Using the selective 5-HT5 antagonist Ro04-6790, stretching and chewing were observed but not yawning. Similar observations were made by other researchers at Hoffman-LaRoche, by using a different 5-HT5 receptor antagonist (Bos et al., 2001). Lindner et al. (2003) found that, in contrast to cholinesterase inhibitor physostigmine, Ro04-6790 and the other 5-HT6 receptor antagonist SB-271046 induced stretching, whereas chewing was increased by Ro04-6790 and physostigmine but not by SB-271046; neither Ro04-6790 nor SB-271046 nor physostigmine modified yawning. Marcos et al. (2008) found that oral SB-271046 induced yawning, a behavior that was also maintained after 7 days of repeated administrations. However, no behavioral syndrome was observed by Reavill and Rogers (2001) with SB-271046, as well as by Stean et al. (2002) after oral SB-357134 (at doses ranging between 0.1 and 30 mg/kg, either after single or 7-day administration). Compound 4, a claimed 5-HT5 receptor antagonist, also failed to induce yawning, stretching and chewing (Russell and Diaz, 2002).
 
Although the majority of results with AU showed that rats did not display the behavioral syndrome, some of the studies with 5-HT6 receptor antagonists indicate the induction of at least some elements of the behavioral syndrome with the drugs tested. However, in general, the overall behavioral syndrome (stretching, yawning and chewing) is not a consistent phenomenon observed with either AO or 5-HT6 receptor antagonists in rats.
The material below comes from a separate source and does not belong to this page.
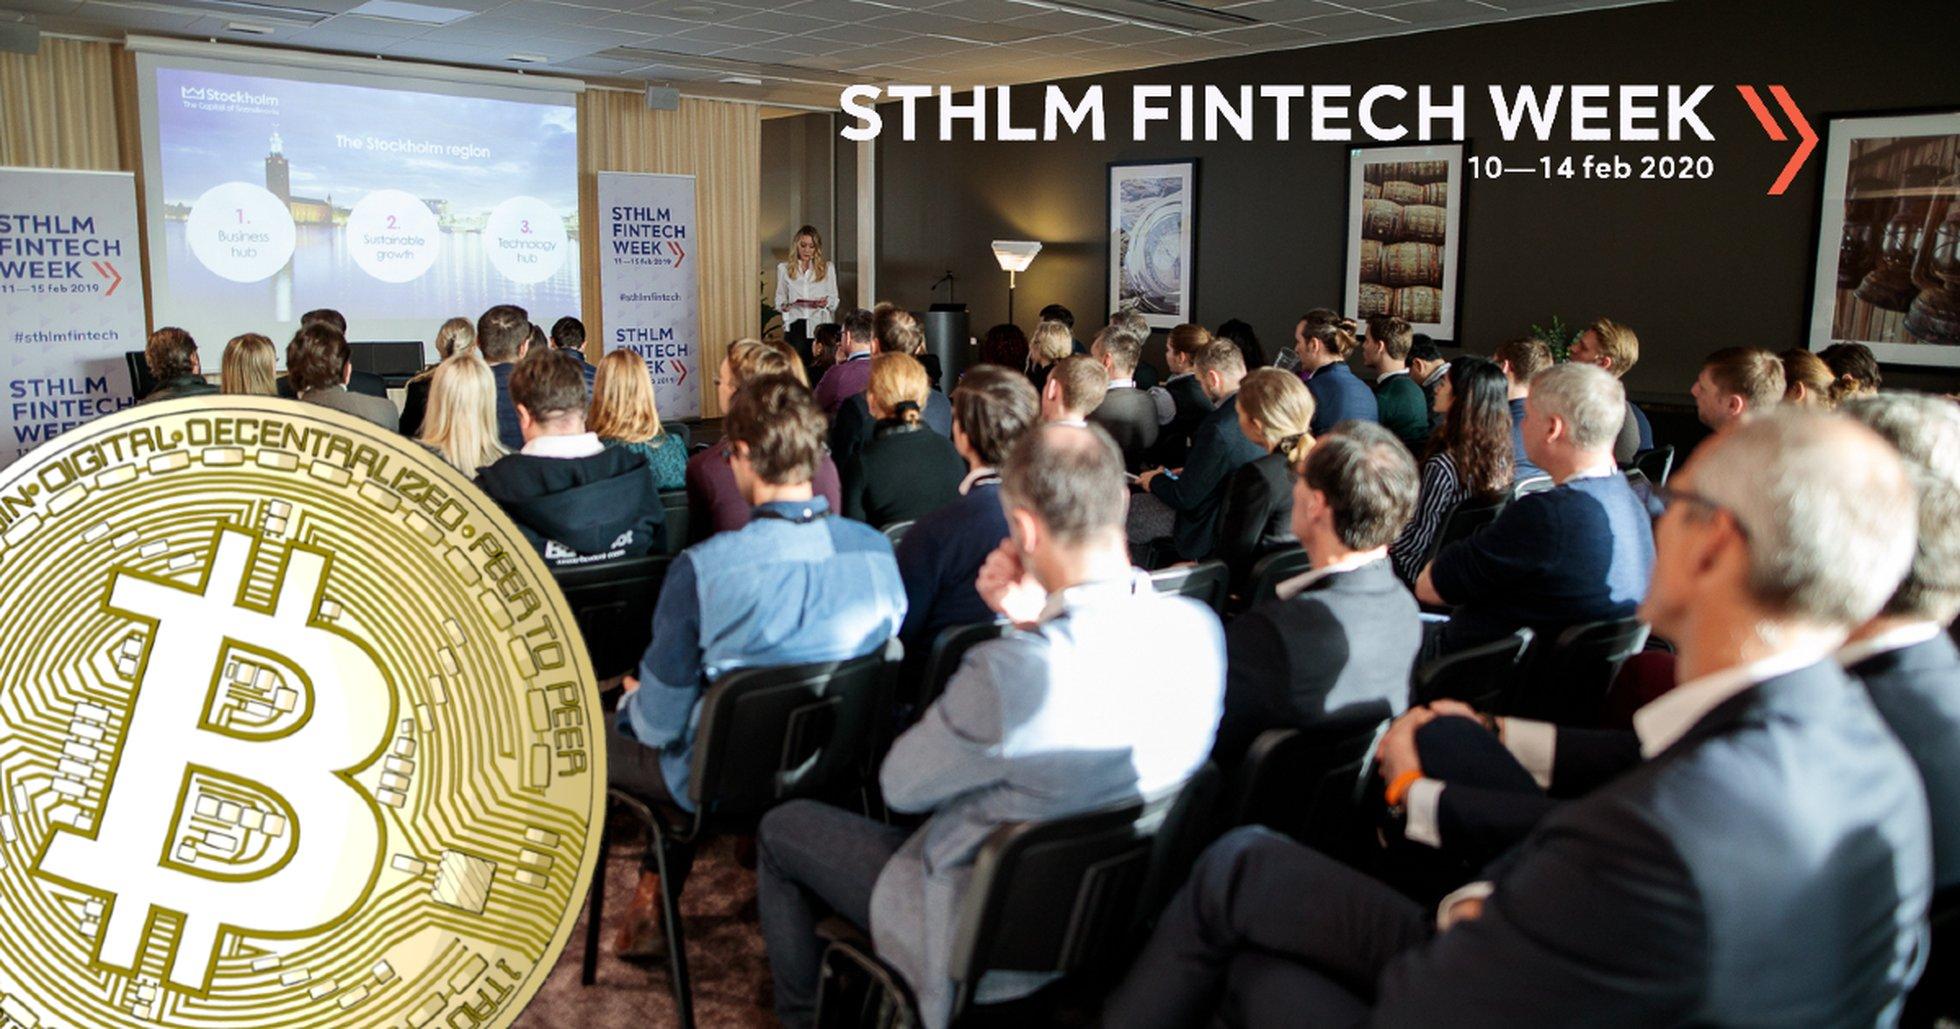 Sthlm Fintech Week satsar på blockkedjetekniken och kryptovalutor.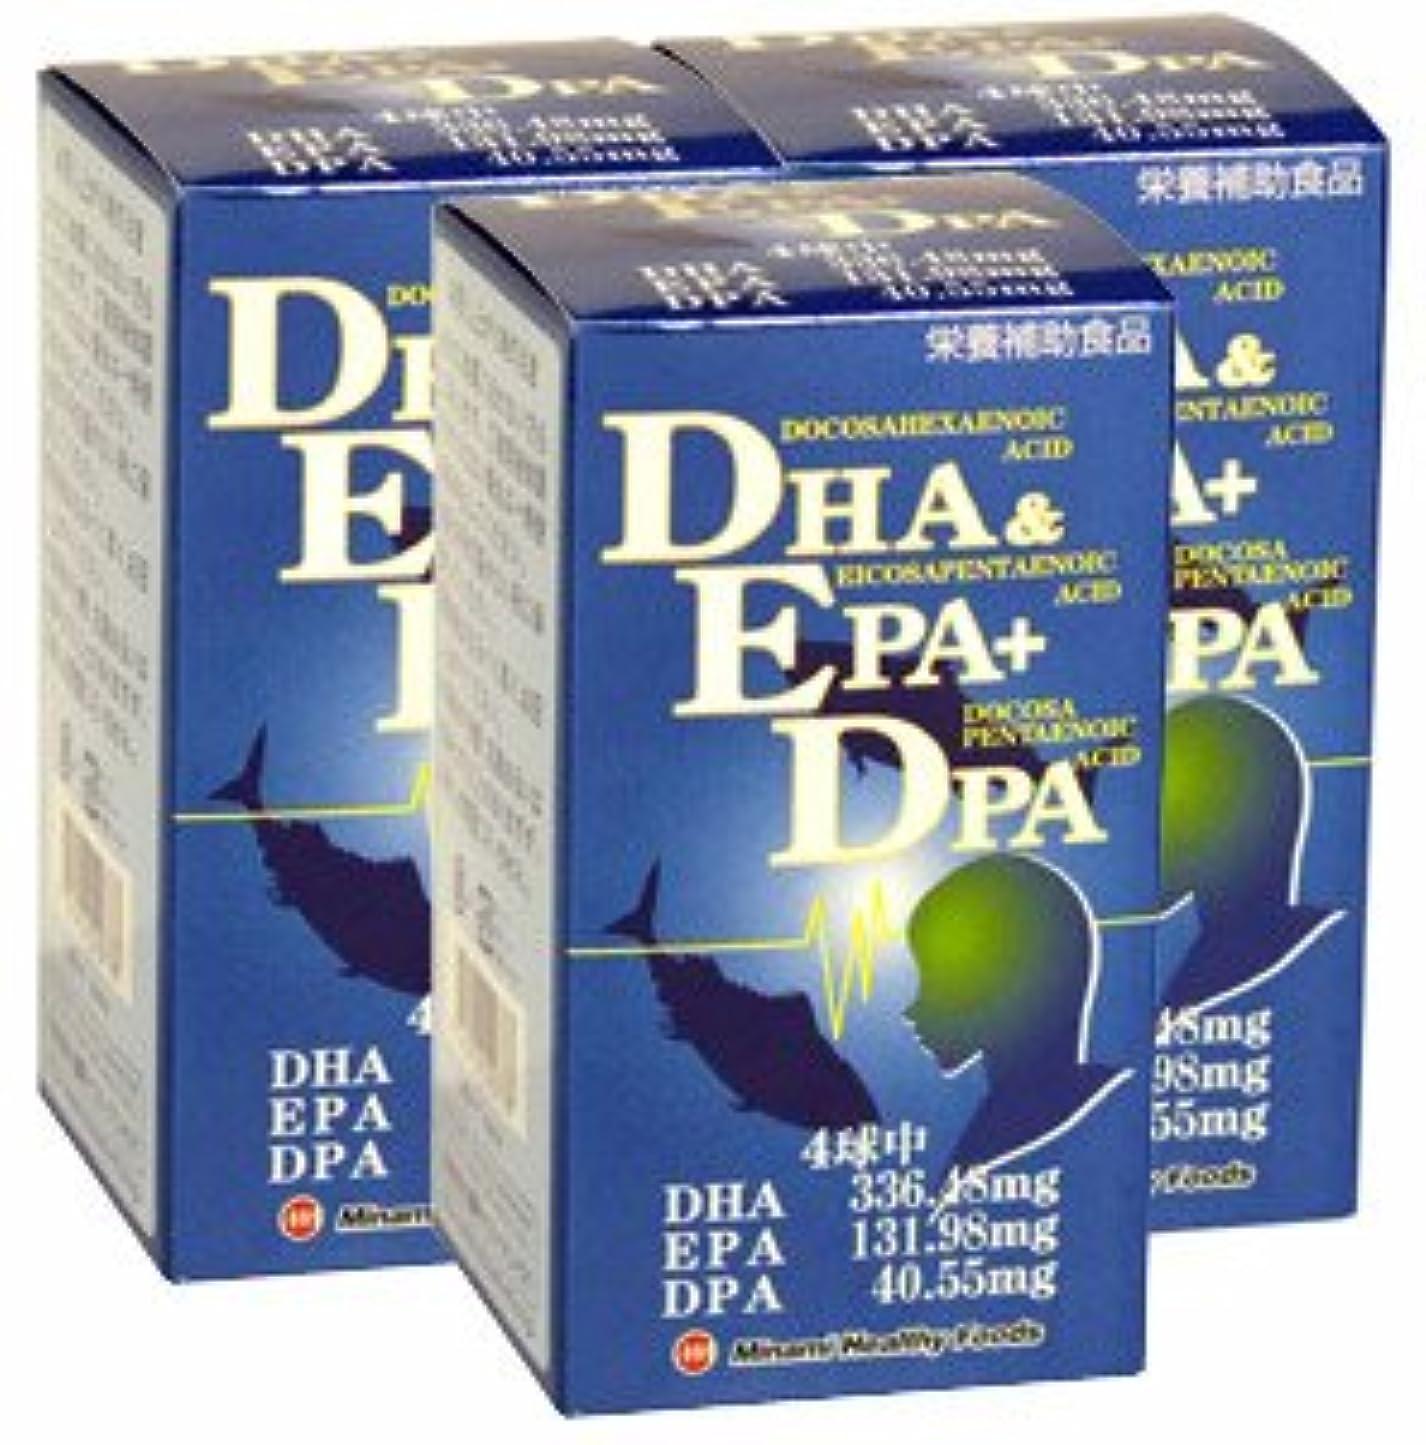 意識オーチャード遠近法DHA&EPA+DPA【3本セット】ミナミヘルシーフーズ

This points out how the interpretation of the interaction between ligands and 5-HT5 receptors may possibly defect of better understanding of 5-HT6 receptor ligands, both in their pharmacodynamic and pharmacokinetics/metabolic properties.
 
6. Conclusions
 
Although experimental inconsistencies also exist for other 5-HT receptors, i.e. 5-HT1A and 5-HT2, the marked paucity of information on 5-HT6 receptors, due to the insufficient data on 5-HT5 receptor ligands, particularly hampers our understanding of 5-HT5 receptor pharmacology.
 
However, the picture of 5-HT5 receptors is more complex than expected, as their interaction with 5-HT6 ligands might also depend on neuroanatomical region. In fact, there is even a report that shows that the up-regulation in activity-regulated cytoskeleton-associated protein (Arc) mRNA expression caused by subcutaneous administration of the purported agonist LY586713 is blocked by the subcutaneous administration of the antagonist/inverse agonist SB-27 1046 in hippocampus and parietal cortex but not in cingulate and orbital cortex. Moreover, in the latter brain regions, the antagonist SB-27 1046 increased Arc mRNA expression similarly to the agonist LY-586713. Thus, regional brain differences also may then account for some of the inconsistencies. Such regional difference may well account for the discrepancies in microdialysis studies as well. Additionally, it remains to document whether the G proteins linked to 5-HT6 receptors are differently expressed in the different brain regions.
 
In the field of 5-HT6 receptors there are several inconsistent findings in need of further study. We think that experimental and procedural flaws might be, at least in part, at the source of these inconsistencies and such inconsistencies could be avoided if some precautions were taken. These include: 1) the use of different radioligands which can provide quite different results in affinity characterization studies; 2) the use of different tissues receptor density and biochemical readouts as these may affect the definition of a compound as silent antagonist, agonist or inverse agonist: 3) more information on possible active metabolites and/or pharmacokinetic differences across compounds that may produce vastly different in vivo neurochemical and behavioral profiles; and 4) more information on receptor selectivity.
 
Additionally, only very few studies use a 5-HT6 receptor antagonist to block the effect of an 5-HT6 receptor agonist. The reverse (5-HT6 receptor agonist against an effect mediated by 5-HT6 receptor antagonist) has never been assessed. If the 5-HT6 ligands competitively bind to the same site, the effect of an agonist should be counteracted by an antagonist, and vice versa.